When companies report outstanding debts to credit agencies such as Schufa, they should proceed very carefully: This is because if the main claim and secondary claim cannot be clearly separated from each other, this may constitute an impermissible transfer of data - and therefore a breach of the General Data Protection Regulation (GDPR). This was decided by the Schleswig-Holstein Higher Regional Court (case no.: 17 U 2/24).
Negative entry with Schufa
A man objected to a negative report from a debt collection agency at Schufa. The reported claim resulted from an electricity supply contract that had been terminated without notice due to payment arrears. However, the claim also included ancillary claims such as reminder and transfer fees, the legal basis of which was disputed. In addition, the plaintiff denied that he had ever received proper notification of the registration.
In his lawsuit before the Kiel Regional Court (LG), the man demanded, among other things, the deletion of the negative entry at Schufa and at least 5,000 euros in damages in accordance with Art. 82 GDPR. The Regional Court awarded him 500 euros in damages and ordered the debt collection company to revoke the negative entry with Schufa. The debt collection company appealed against the first-instance judgment.
Information for score calculation must be correct
In particular, the OLG examined the legal requirements for the legality of Schufa reports:
According to Art. 6 para. 1 lit. f GDPR, the processing of personal data is only lawful if there is a legitimate interest that does not outweigh the interests of the data subject. This balancing was carried out taking into account the criteria of Section 31 (2) BDSG.
In this regard, the Schleswig-Holstein Higher Regional Court states: "However, the information about a due claim that has not been settled in accordance with the contract is relevant to protection in a similar way to the determination of a score value. Score values are also sensitive information about a person that provides information about their ability or willingness to pay. In addition, the purpose of Section 31 BDSG, which is intended to protect commercial transactions in the case of scoring and creditworthiness information, and the lack of a separate regulation on the transmission of personal data, means that the legislator implicitly presupposes that only claims that meet the requirements of Section 31 (2) BDSG are legitimately transmitted and used to determine score values."
The court clarified that ancillary claims such as reminder fees or default costs do not allow the same conclusions to be drawn about a debtor's ability or willingness to pay as the main claim. The registration of a claim that includes such items and is not clearly limited to the main claim is unlawful.
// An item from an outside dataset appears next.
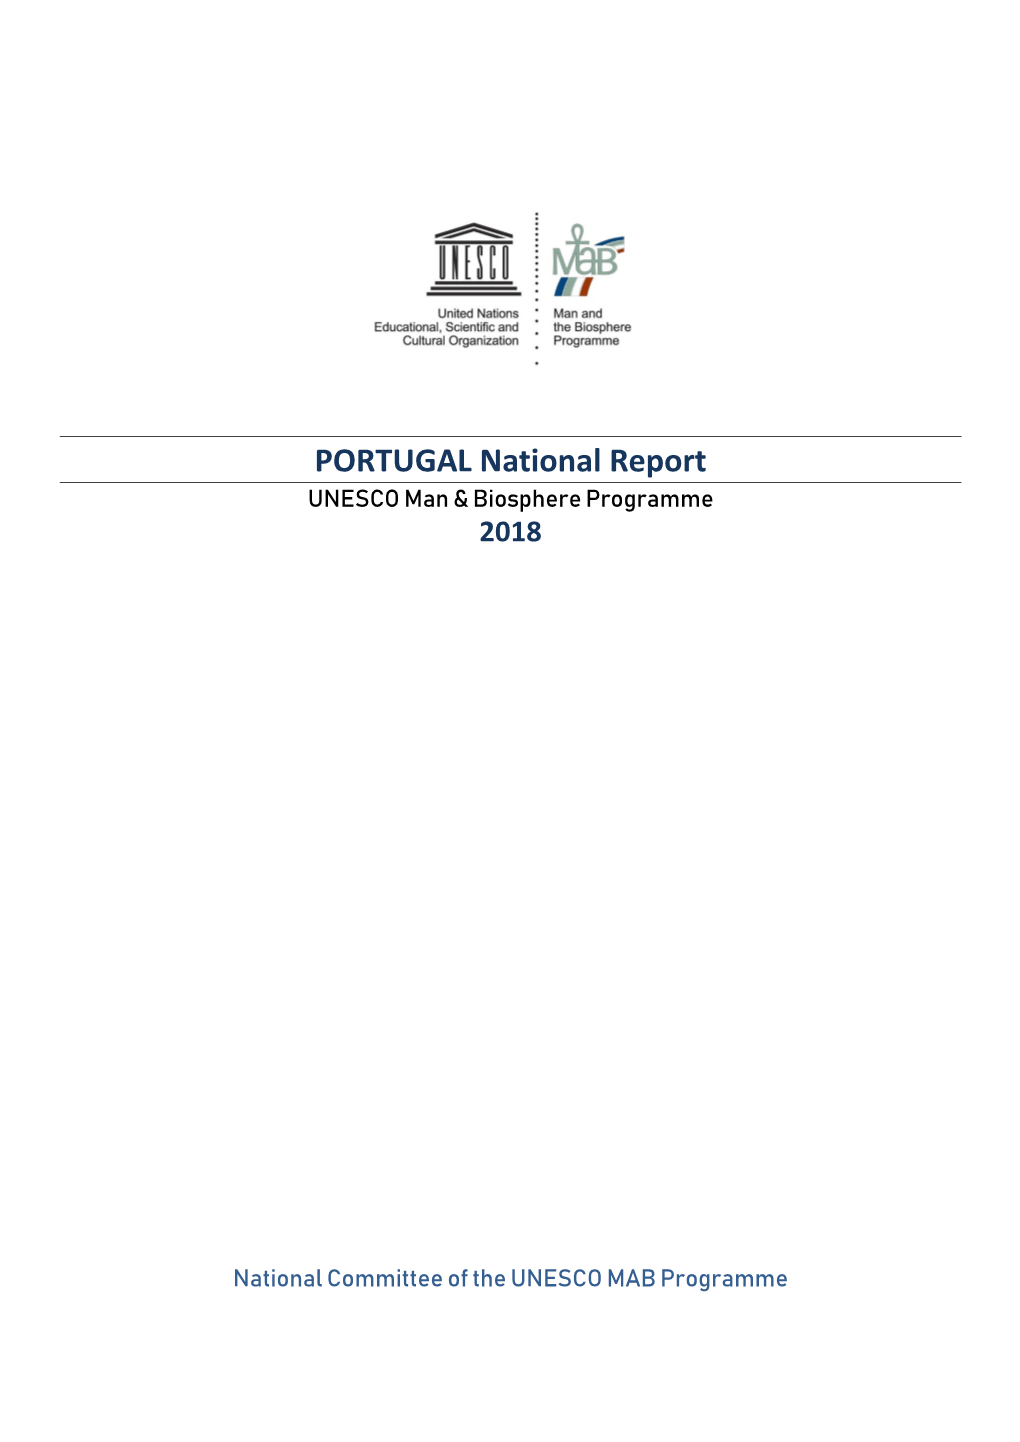 PORTUGAL National Report UNESCO Man & Biosphere Programme 2018

In accordance with Section 31 (2) sentence 1 no. 5 BDSG, the debtor must also be informed of a possible report to Schufa prior to registration. As the receipt of the corresponding reminders could not be proven either, the notification was unlawful.
Compensation for damages according to Art. 82 GDPR
Although the entry was unlawful, the court did not consider immaterial damage to be sufficiently proven. The plaintiff had not been able to plausibly demonstrate that the entry was causal for the refusal to conclude the contract or for creditworthiness problems.
Reading tip: Schufa ruling on credit reports
Significance of the Schufa ruling
The ruling tightens the requirements for companies when transmitting data to credit agencies. The following points in particular should be emphasized:
- Stricter verification obligations for the composition of receivables
Companies must ensure that only receivables that allow conclusions to be drawn about creditworthiness are reported. - Documentation requirements for the notification
The receipt of information about a possible application must be carefully documented, otherwise the application can be contested. - Influence of the statute of limitations
The continuous reporting of claims that are already time-barred is only permissible under strict conditions, as this would significantly impair the interests of the person concerned that are worthy of protection.
The ruling by the Higher Regional Court of Schleswig-Holstein is an important landmark decision that encourages companies to handle personal data responsibly and to comply closely with the GDPR and the BDSG. It shows that data protection law not only serves to protect data subjects, but also specifies the requirements for economic operators.